RW&G

Ninth Circuit Invalidates Sheriff's Good Cause Requirement For Concealed Weapons License

February 25, 2014

The San Diego County Sheriff's "good cause" requirement for a "concealed-carry" weapons (CCW) license has been struck down by the Ninth Circuit Court of Appeals on the ground that it violates the Second Amendment.

In Peruta, et al. v. County of San Diego, et al., Case No. 10-56971, the Court considered a challenge to the Sheriff's policy for issuing a CCW license. The California Penal Code requires, among other things, that "good cause" be shown for issuance of the license. In San Diego County, a showing of "good cause" requires "supporting documentation" such as a restraining order, to demonstrate a "unique risk of harm: …a set of circumstances that distinguish the applicant from the mainstream and causes him or her to be placed in harm's way."

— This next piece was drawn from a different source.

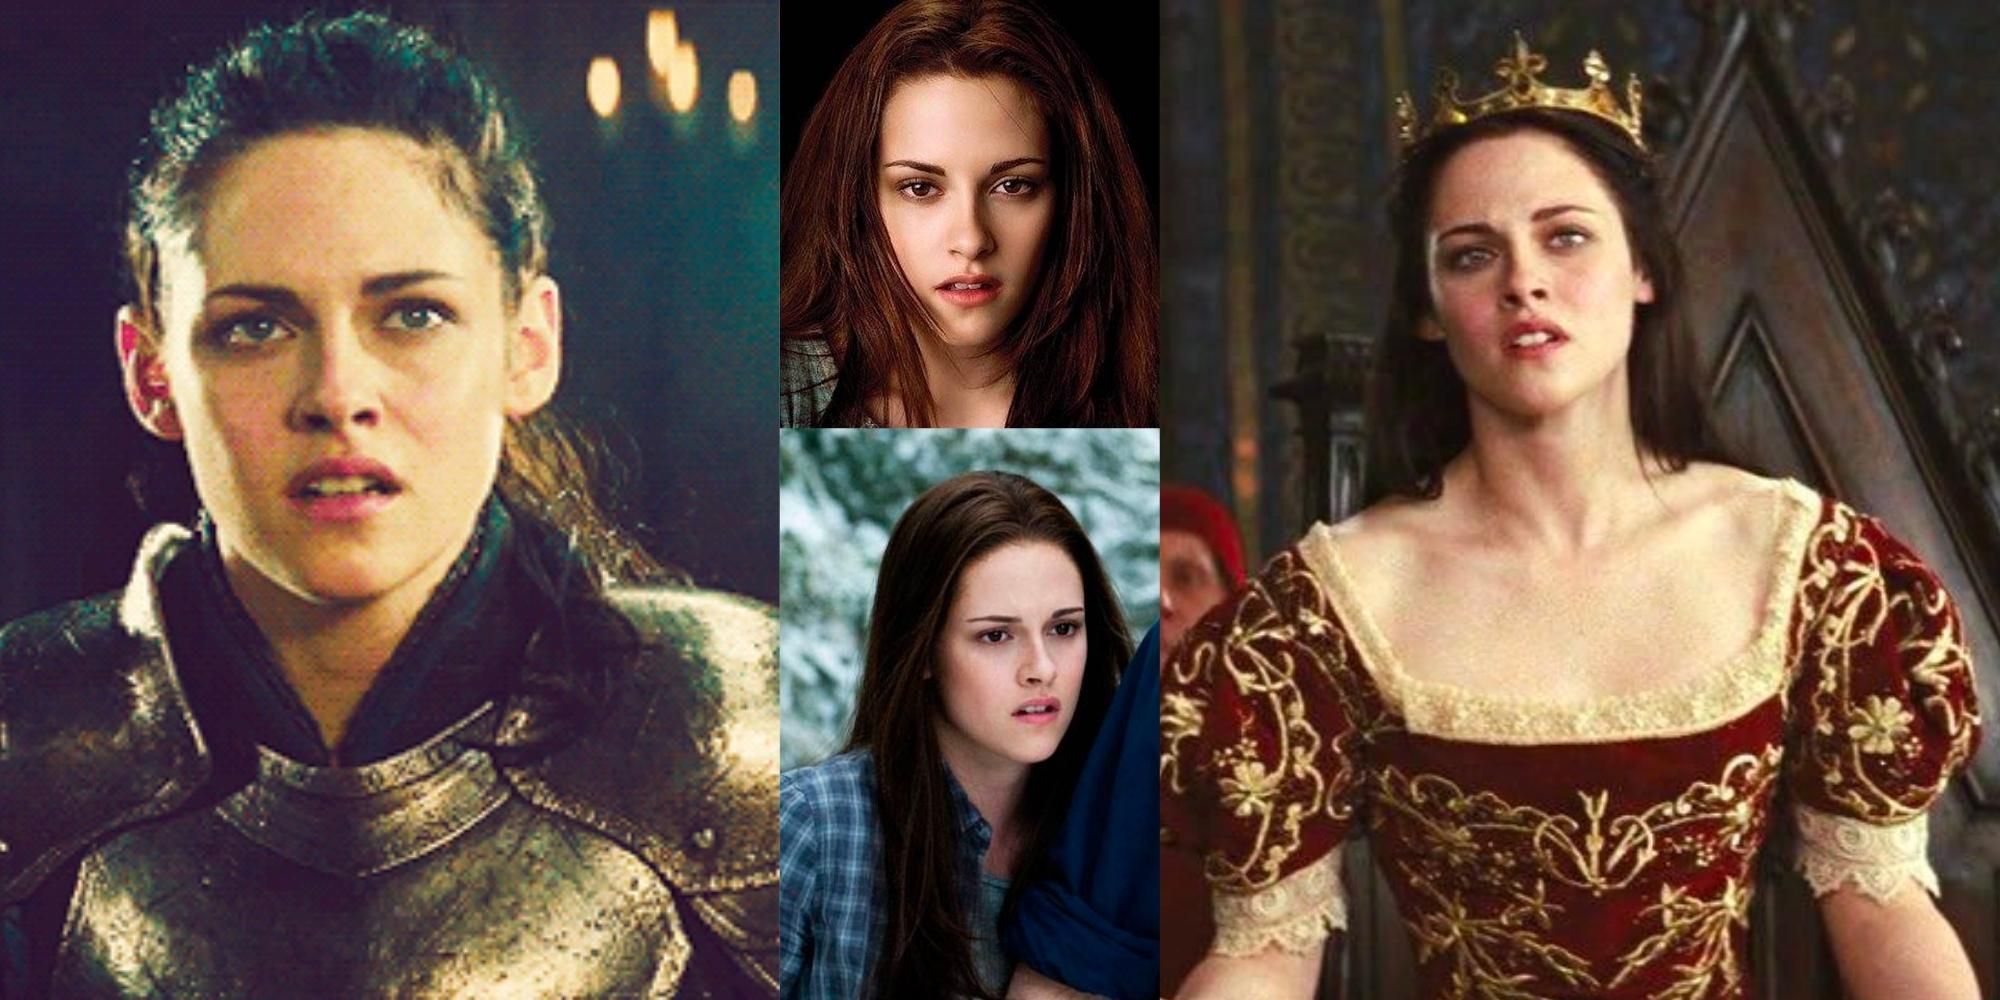 Kristen Stewart in various roles with the same stoic facial expression

The County contended the policy is a reasonable regulation, consistent with decisional law and necessary to protect the public from the risks posed by concealed handguns. The Plaintiffs argued that the Second Amendment required the County to issue CCW licenses to use handguns for self-defense outside of the home without having to provide "supporting documentation" showing that the risk of harm to them was greater than the general risk of harm faced by others outside of the home.

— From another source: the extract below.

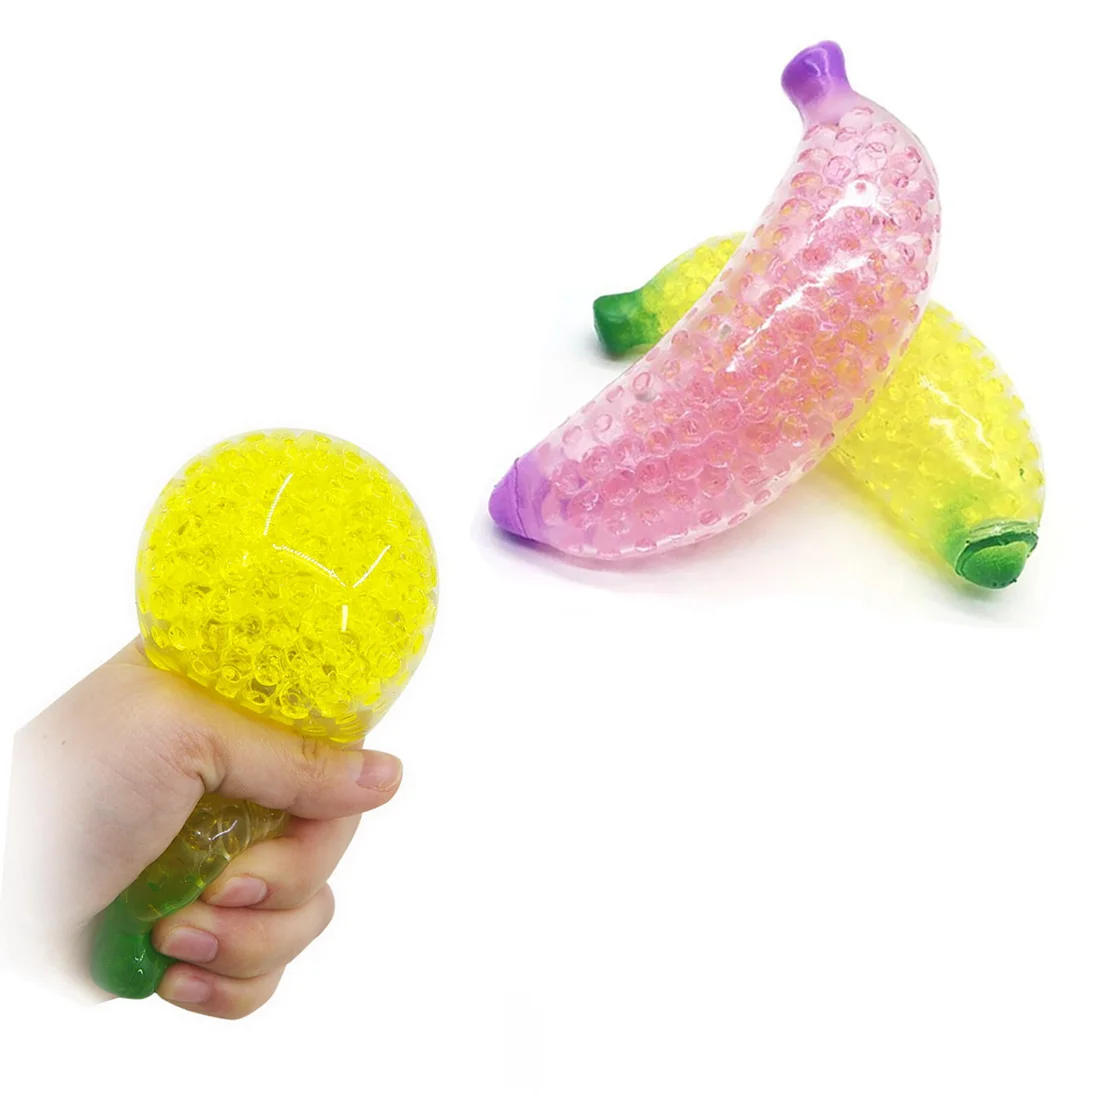 

New Pineapple Banana Squeeze Toy Slow Bouncing Ball Stress Relief Sensory Fidget Toy Spongy for Adult Kids Fidget Squishy Toys

The Court, in a split 2 to 1 decision, concluded that a law-abiding citizen who carries an operable handgun for self-defense outside of the home is "bear[ing] Arms" within the meaning of the Second Amendment. The Court stated that it was not holding that the Second Amendment requires the government to permit a law abiding citizen to carry a concealed handgun in public. Instead, the Court found where a State, such as California, has banned the open carrying of a loaded firearm in public, and the only remaining option for carrying a handgun in public for self defense is to carry a concealed handgun, the government may not require an individualized showing of harm before issuing a CCW license. Accordingly, the Court concluded that the County impermissibly infringed the Second Amendment by denying a CCW license on the basis that applicants failed to show they faced a greater risk of harm in public than that faced by the population in general.

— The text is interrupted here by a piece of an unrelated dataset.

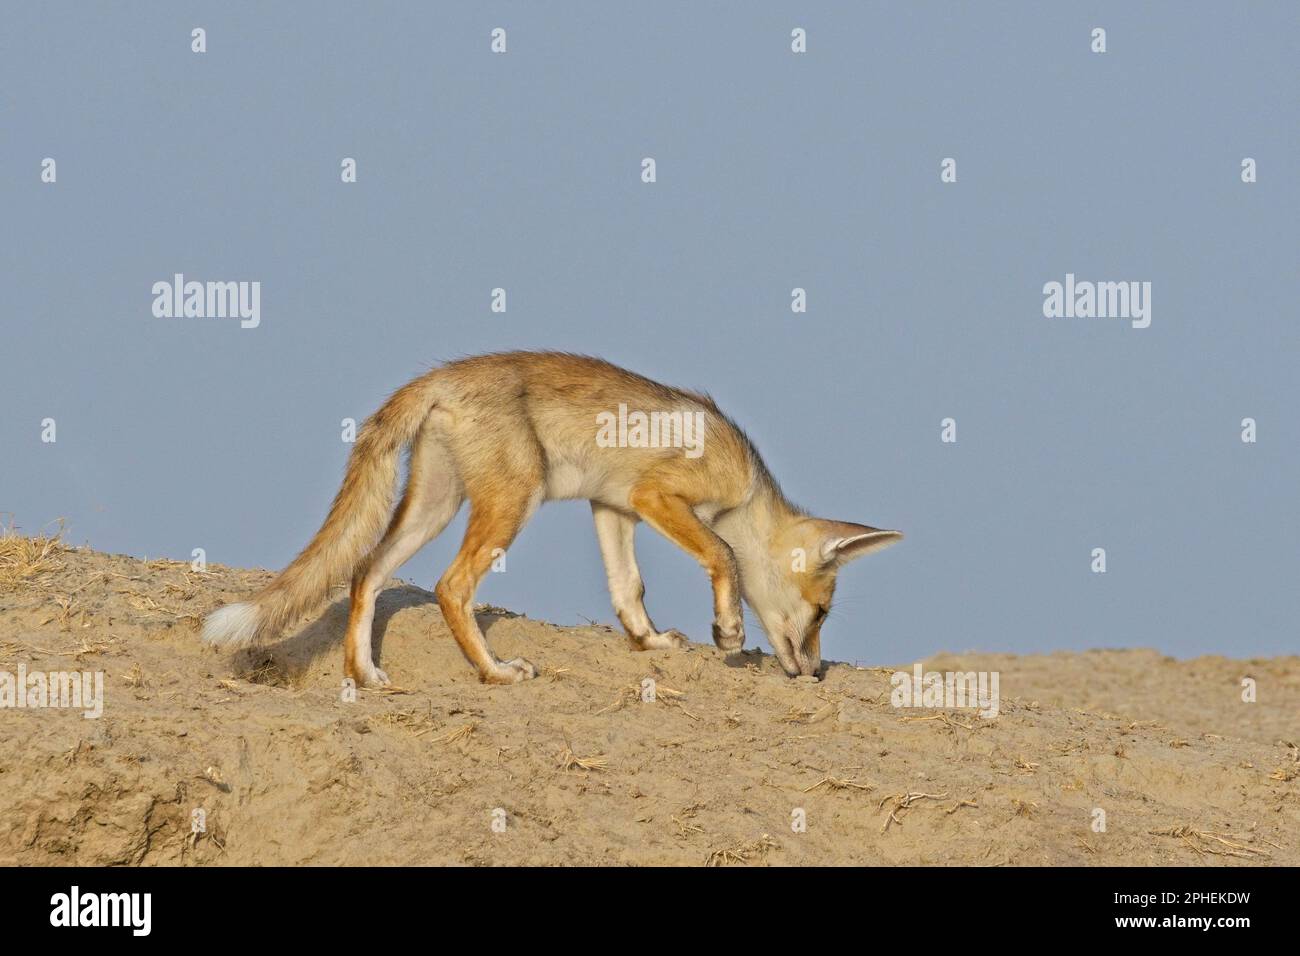 Desert fox (Vulpes vulpes pusilla), also known as the white-footed fox Stock Photo

The Peruta decision is broad and sweeping. So long as California continues to ban the open carrying of loaded firearms in public, law-abiding citizens who seek a permit to carry a concealed handgun for self-defense in public need not show that they face a risk of harm that is any different from the general risk of harm everyone faces when they leave their homes. It is unknown whether the decision may be limited, expanded, or overruled by further judicial action. Police agencies acting on CCW applications should heed the decision, and should monitor whether a larger panel of the Ninth Circuit agrees to rehear the case or, alternatively, whether review is sought in the United States Supreme Court.

The County of San Diego has announced it will not seek further review of the decision. Nevertheless, the State of California is considering whether to request a rehearing en banc. Any judge of the Ninth Circuit also may call for a vote on whether the case should be reheard en banc.